• [What you should do] Where a picture occurs in the data, omit it, and copy all remaining data exactly.

• [Information provided]
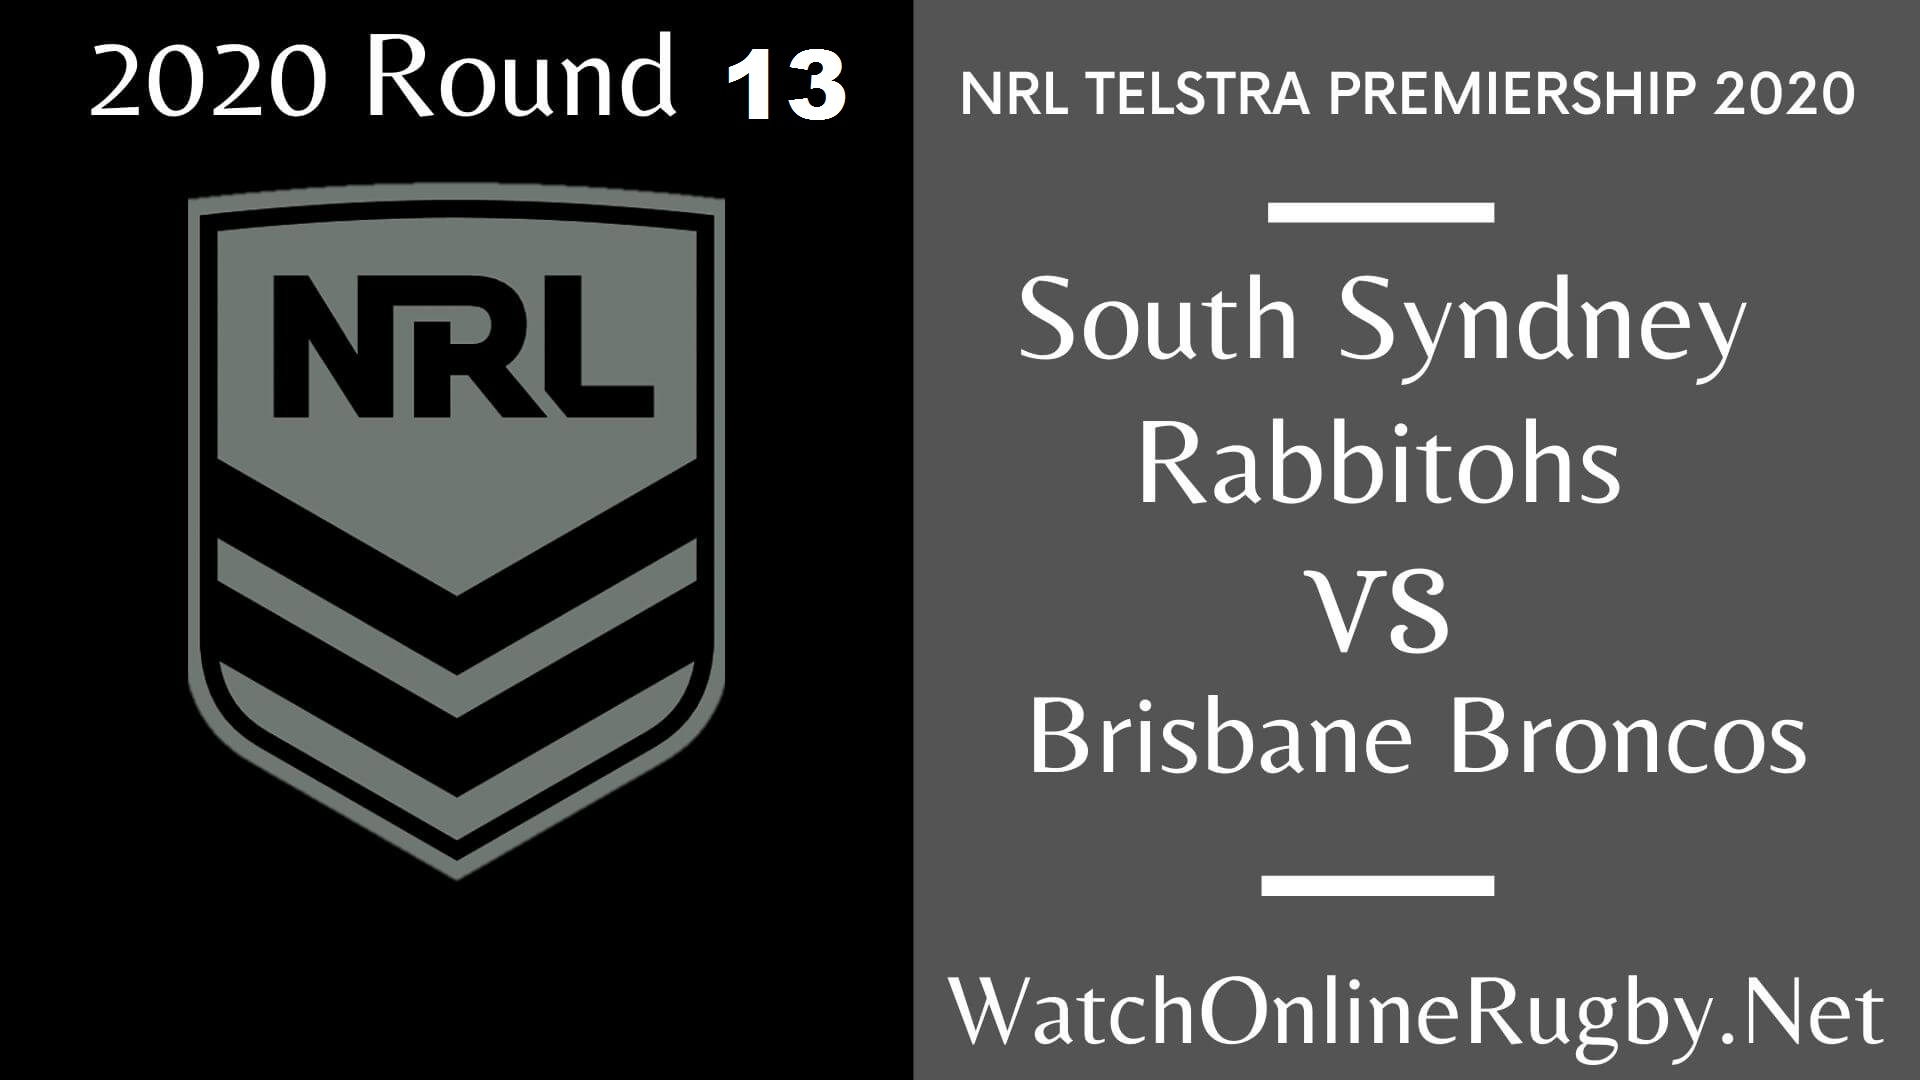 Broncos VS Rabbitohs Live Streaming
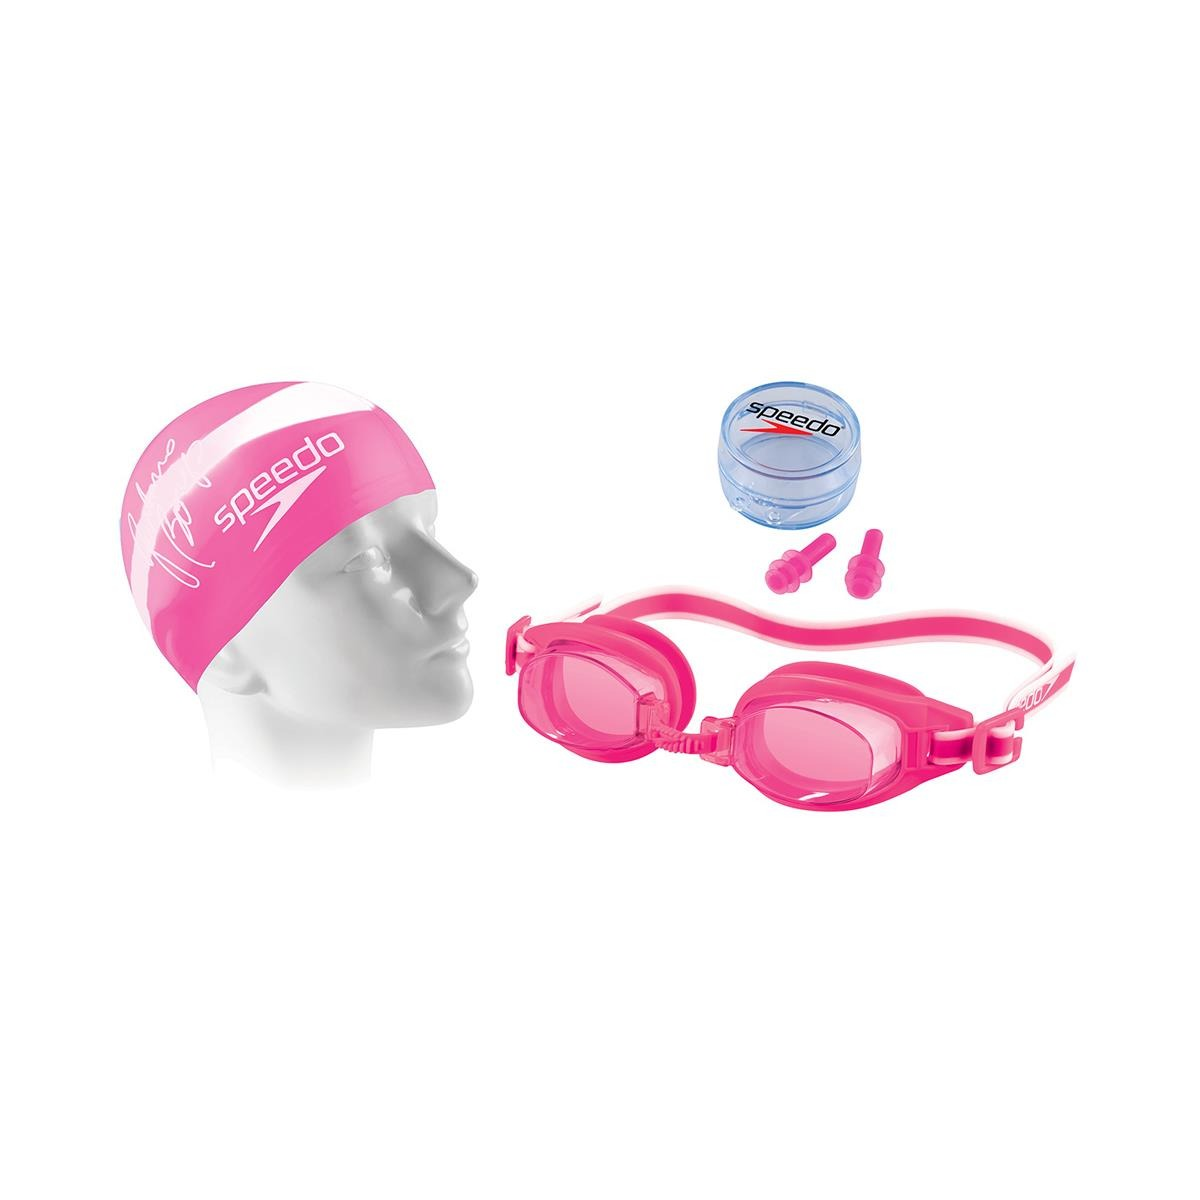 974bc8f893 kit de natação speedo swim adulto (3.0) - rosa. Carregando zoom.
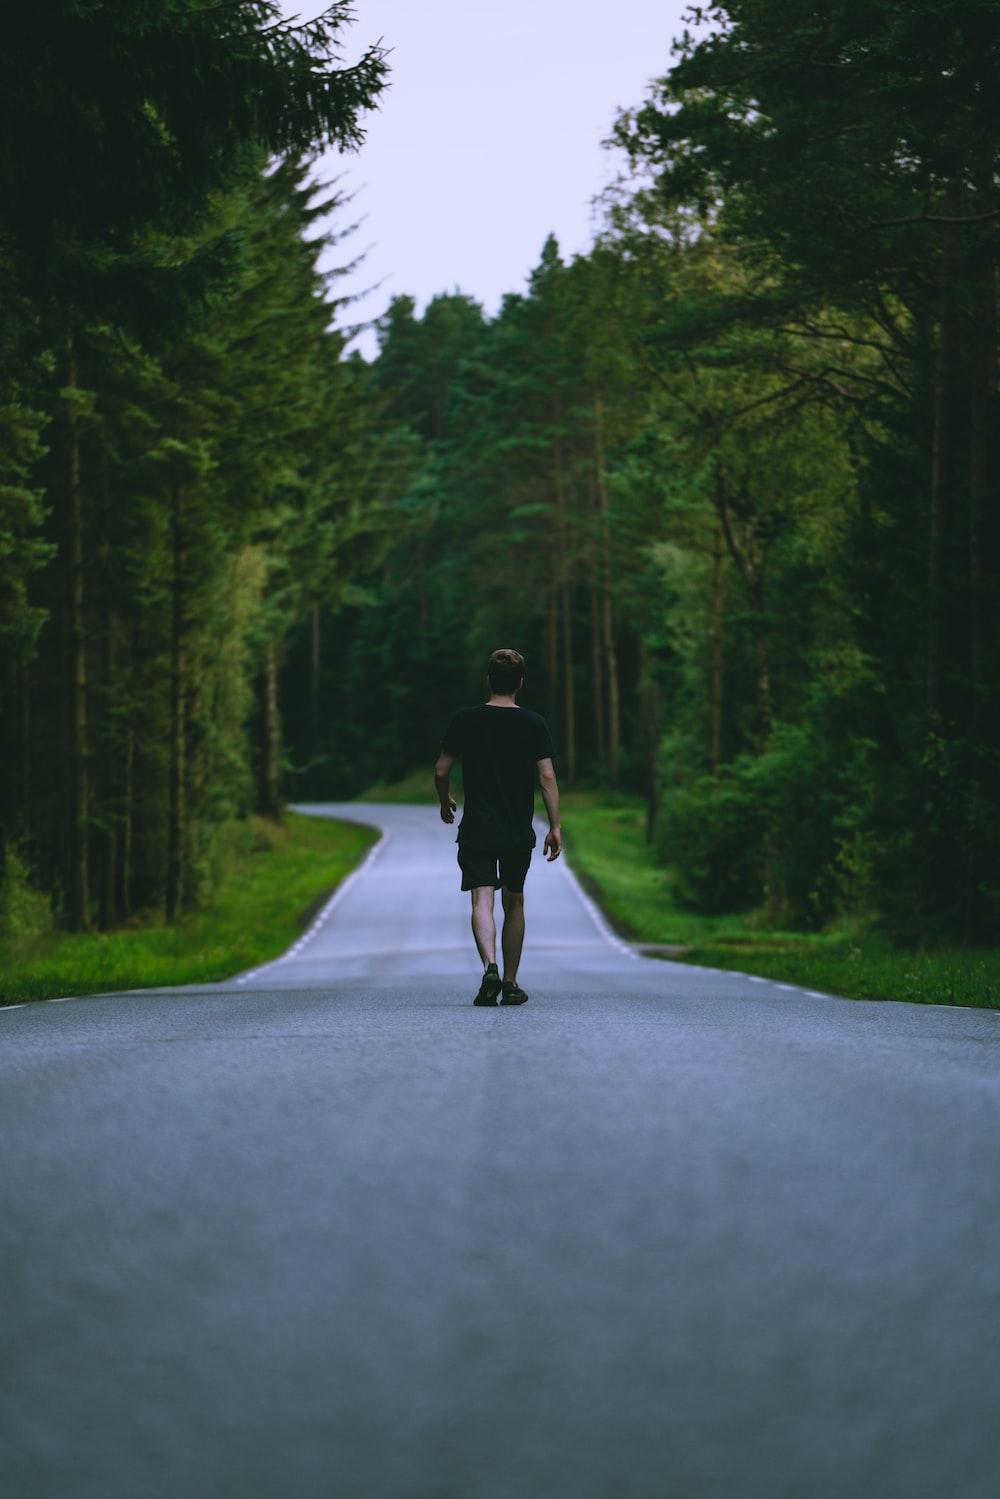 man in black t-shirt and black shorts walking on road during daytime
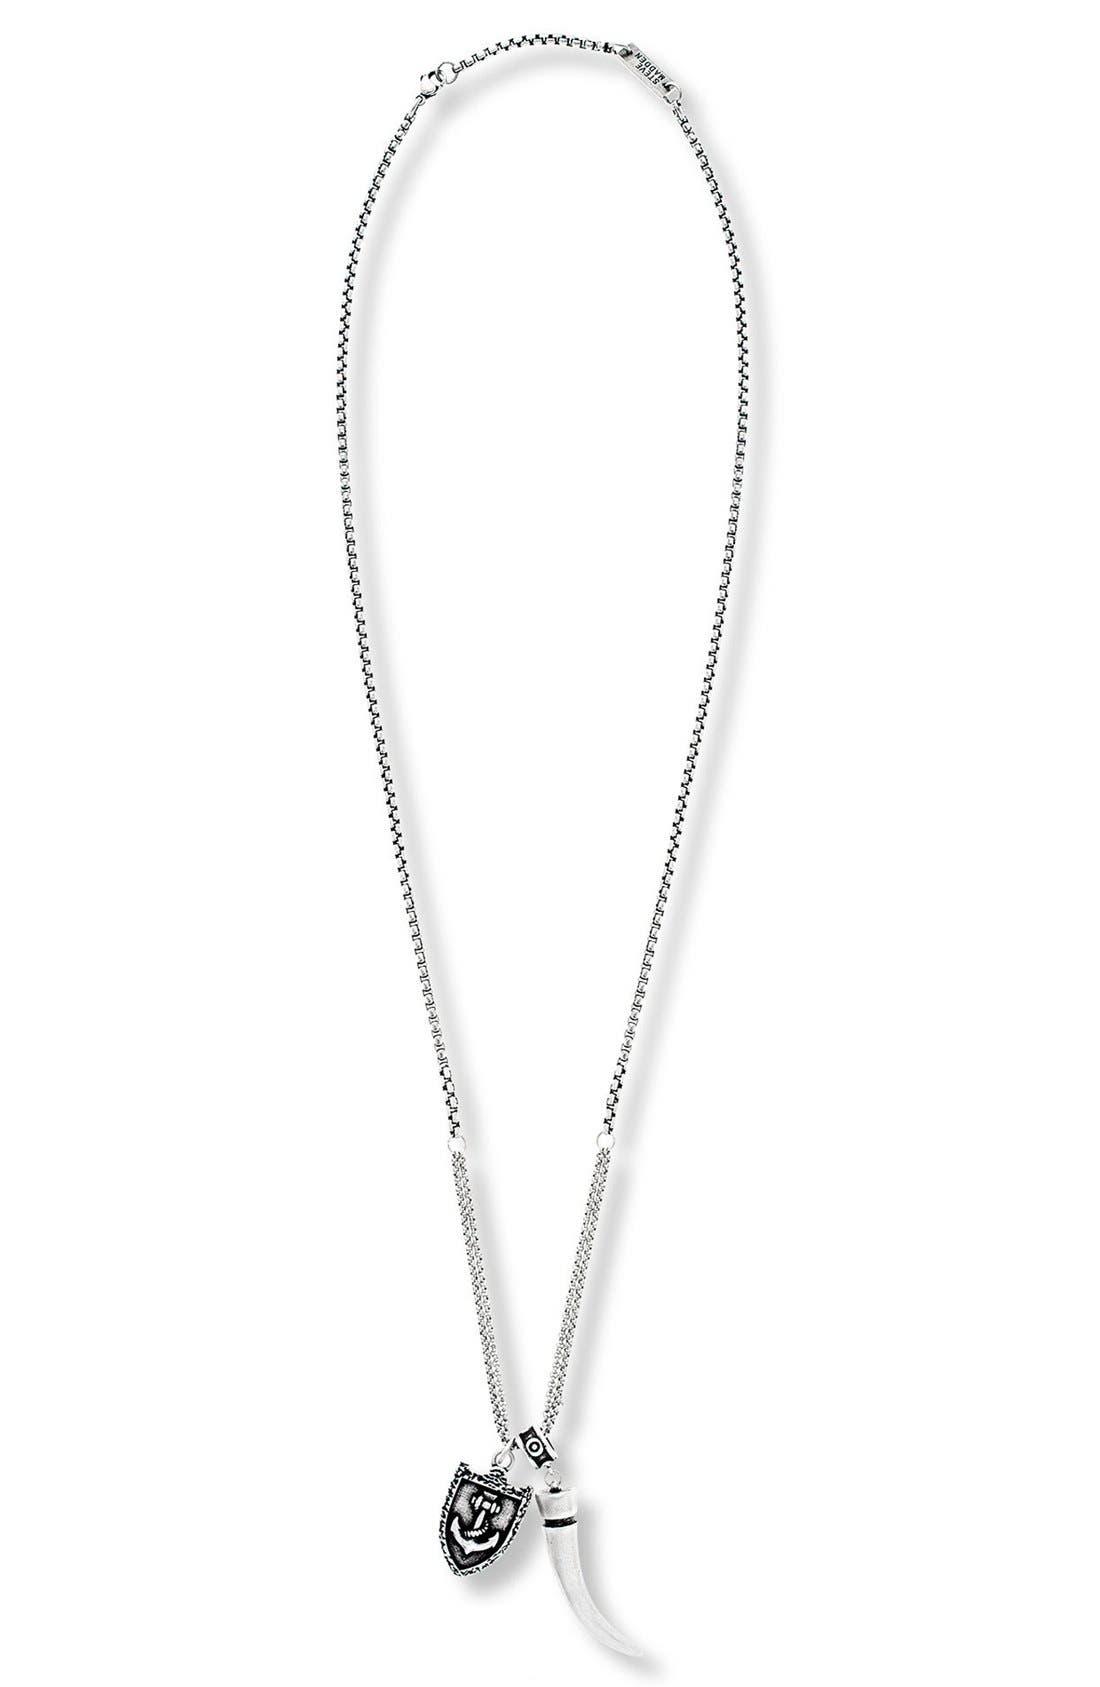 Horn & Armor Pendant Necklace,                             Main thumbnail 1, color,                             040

• [Answer for the task]
 Broncos VS Rabbitohs Live Streaming
 974bc8f893 kit de natação speedo swim adulto (3.0) - rosa. Carregando zoom.
 man in black t-shirt and black shorts walking on road during daytime
 Horn & Armor Pendant Necklace,                             Main thumbnail 1, color,                             040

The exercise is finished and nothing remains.